BALTIMORE (CNN)– Charred cars and buildings. Hospitalized police officers. Looted and damaged businesses. No school, because it might not be safe for chil...
BALTIMORE PROTEST

BALTIMORE (CNN)– Charred cars and buildings. Hospitalized police officers. Looted and damaged businesses. No school, because it might not be safe for children to go outside.

That was the stark reality Tuesday after a night of riots, fires and heartbreak in Baltimore, parts of which looked more like a war zone than a place where people live, work and play.

“Too many people have spent generations building up this city for it to be destroyed by thugs who — in a very senseless way — are trying to tear down what so many have fought for,” Mayor Stephanie Rawlings-Blake said.

At least 15 officers were wounded in the unrest, six of them seriously, the city’s police commissioner said. Getting them healthier is the first goal. Another is making sure that they’re not joined in local hospitals by others — be they more law enforcement officers or civilians — in further unrest.

The tumult follows a spate of protests across the country over the deaths of black men following encounters with police: Michael Brown in Ferguson, Missouri; Eric Garner in New York; and Walter Scott in North Charleston, South Carolina.

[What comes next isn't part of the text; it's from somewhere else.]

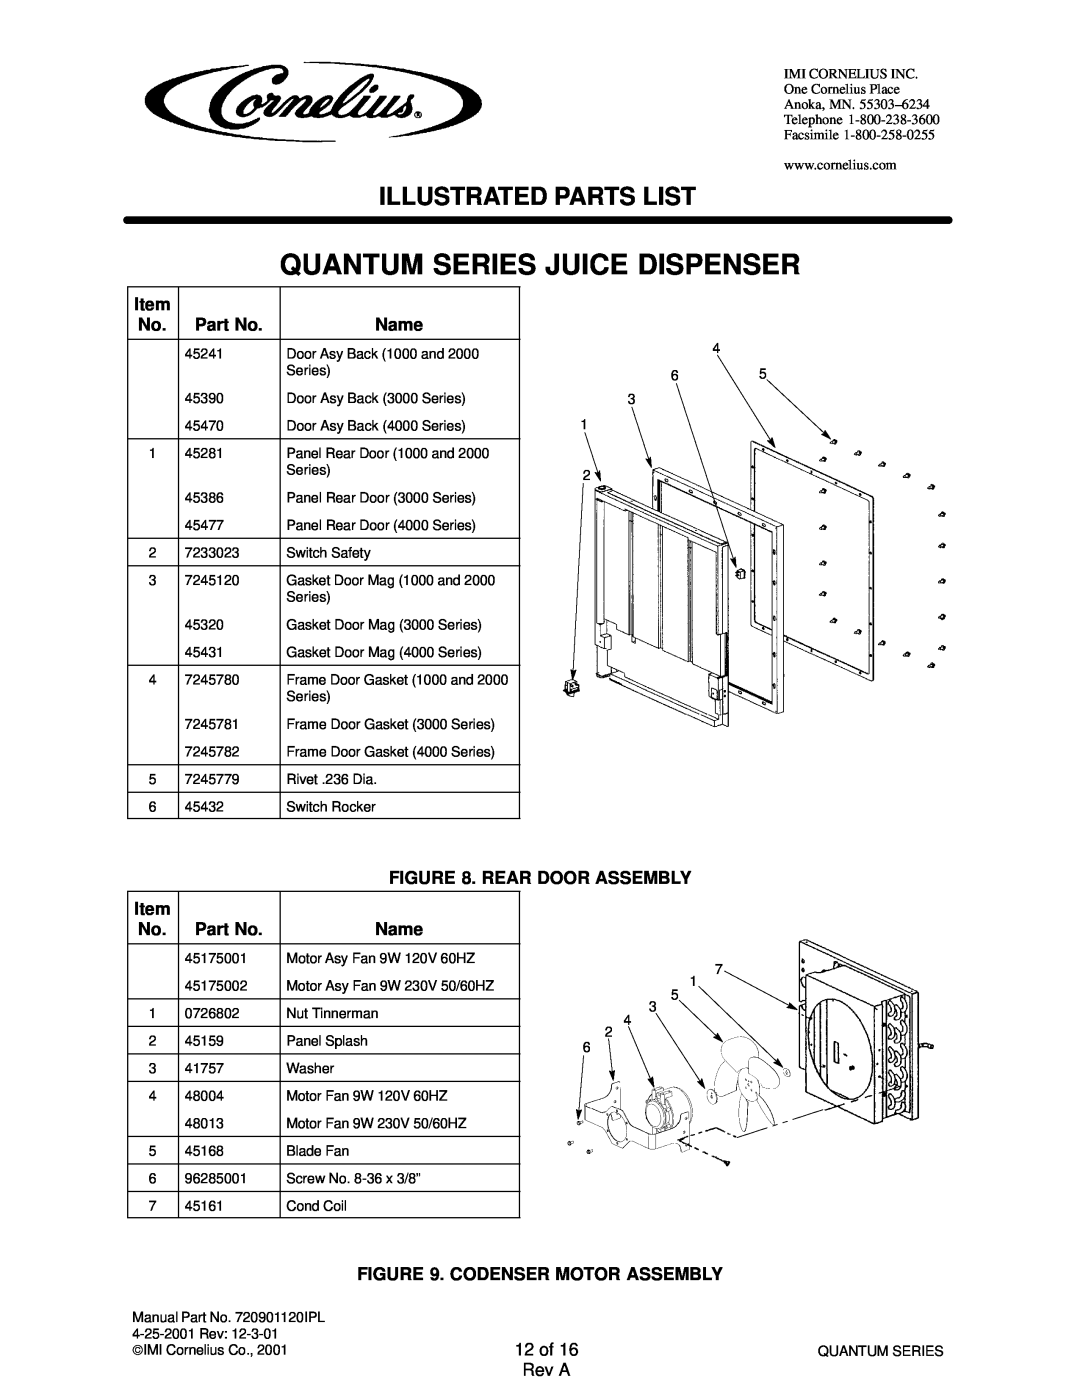 Panasonic 45400002, 45200103, 45200003, 45200004, 45200002, 45200101 Quantum Series Juice Dispenser, Illustrated Parts List

Underlying all this unrest is what Baltimore City Council Member Brandon Scott called “a long, long, longstanding issue with young African-Americans” in cities around the country.

“We’re talking about years and decades of mistrust, of misfortune, of despair that it’s just coming out in anger,” Scott told CNN. “No, it is not right for them to burn down their own city. But that is what’s coming out of these young people.”

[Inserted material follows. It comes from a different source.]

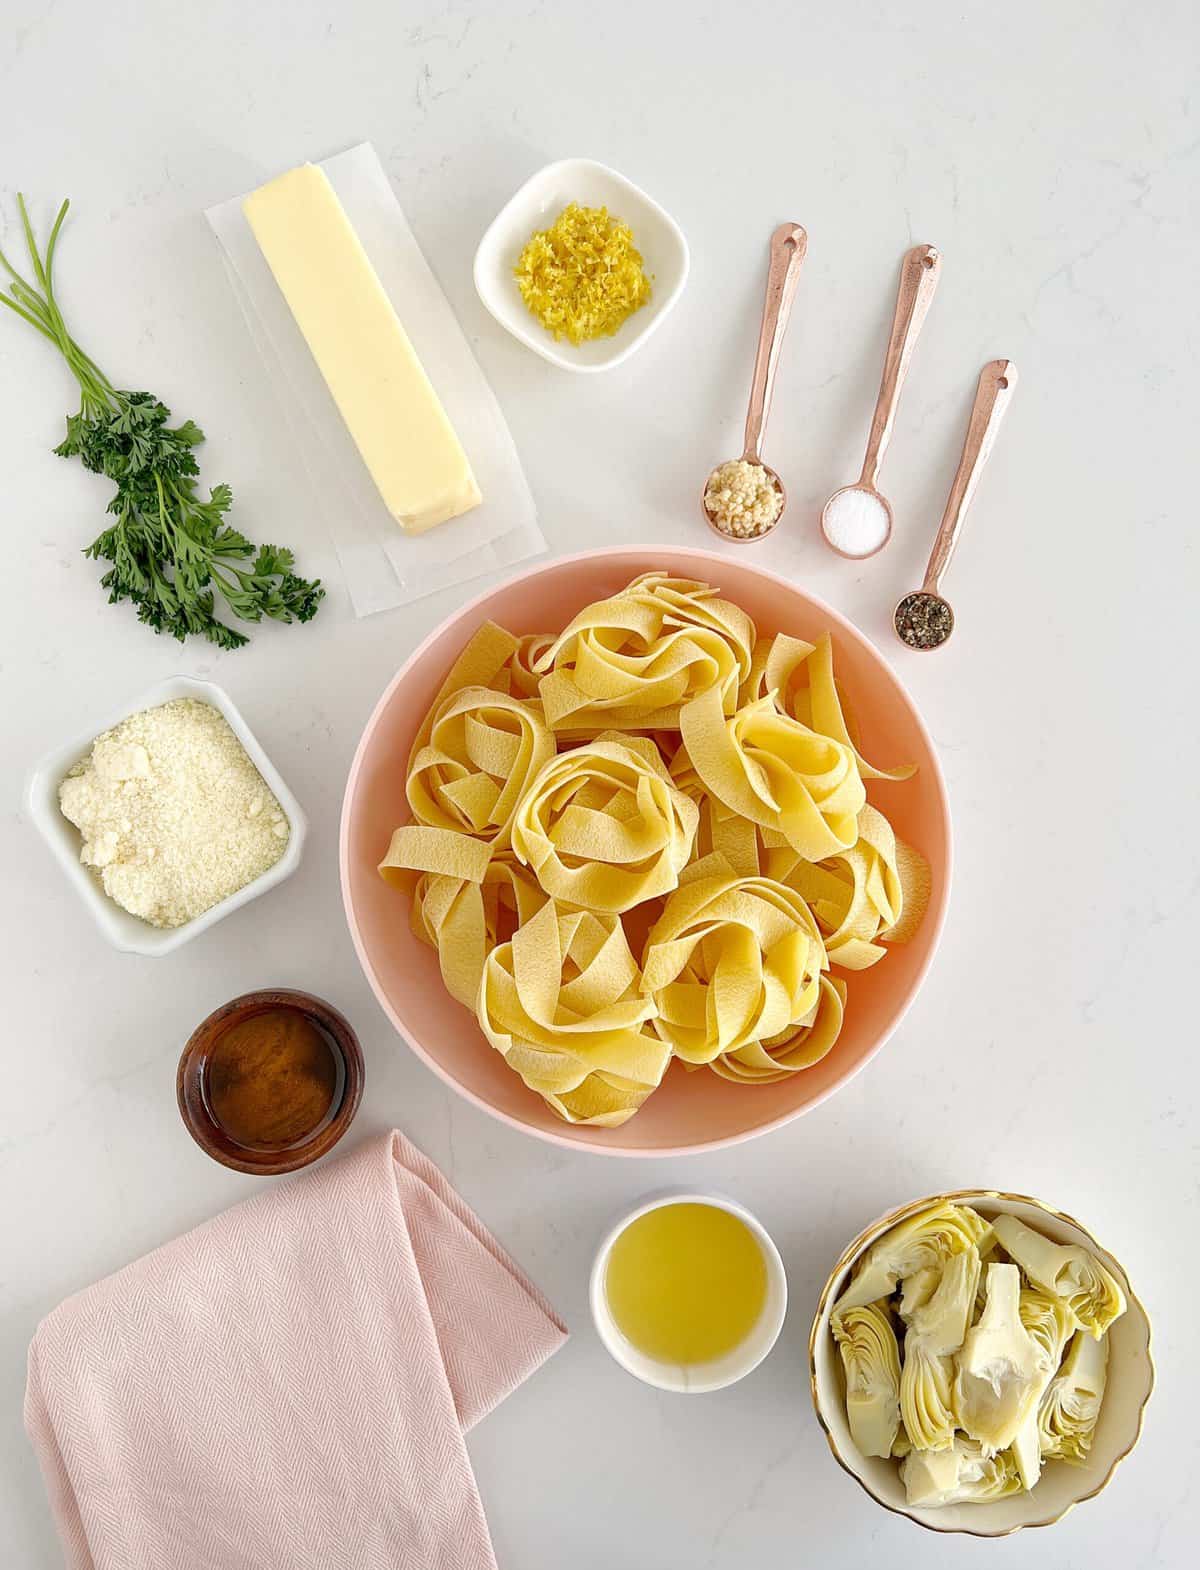 ingredients to make lemon artichoke pasta

‘They dishonored Freddie’s legacy’

In Baltimore, it’s supposed to be about Freddie Gray. He died on April 19, one week after being led into a Baltimore police vehicle.

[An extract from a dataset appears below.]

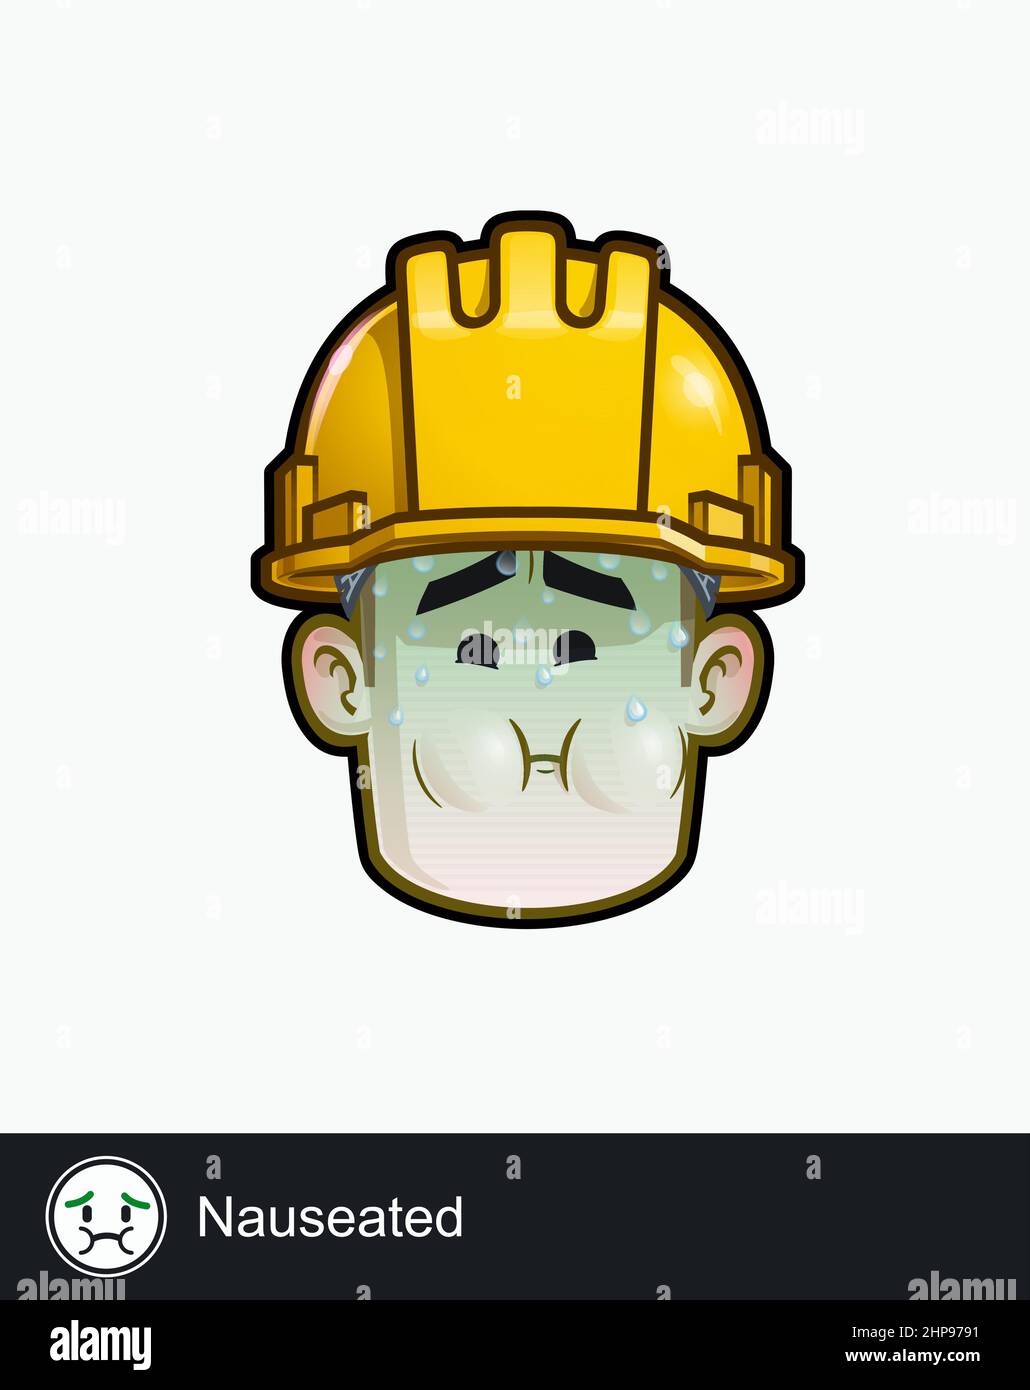 Ikone eines Bauarbeiters mit übelem emotionalen Ausdruck. Alle Elemente übersichtlich auf gut beschriebenen Ebenen und Gruppen. Stock Vektor

His family wants justice, hoping that multiple investigations shed light on why and how he died. They want police to be transparent and be held accountable.

What they don’t want, though, is violence — certainly nothing along the lines of what happened Monday. Gray’s mother, Gloria Darden, had pleaded, “I want y’all to get justice for my son, but don’t do it like this here.”

A lawyer for Gray’s family, Mary Koch, called what Baltimore woke up to Tuesday a distraction from the family’s goals of getting justice for Gray and preventing more people — including other African-Americans — from experiencing their grief.

“The one thing they wanted was some peace and some calm on the day that he was actually buried, and (they) asked the community to do that,” Koch told CNN. “And the community didn’t honor their wishes. And, in that way, they dishonored Freddie’s legacy.”

Riots started with ‘purge’ rumors

In some ways, Baltimore has been simmering since Gray died from a spinal cord injury that he suffered while in police custody. Protesters hit the streets for days, asking questions like how did Gray suffer his fatal injuries, why did it take authorities so long to get him medical help and why was he arrested in the first place.

Firm answers are still slow to come on all those fronts, though some may emerge with the anticipated Friday release of a police investigation.

Still, while there were demonstrations and arrests, what unfolded Monday was very different.

It started with rumors of a “purge” after school Monday starting in Baltimore’s Mondawmin Mall. The rumors echoed a film about a dystopian society in which, for one day each year, all laws are suspended for one 24-hour period.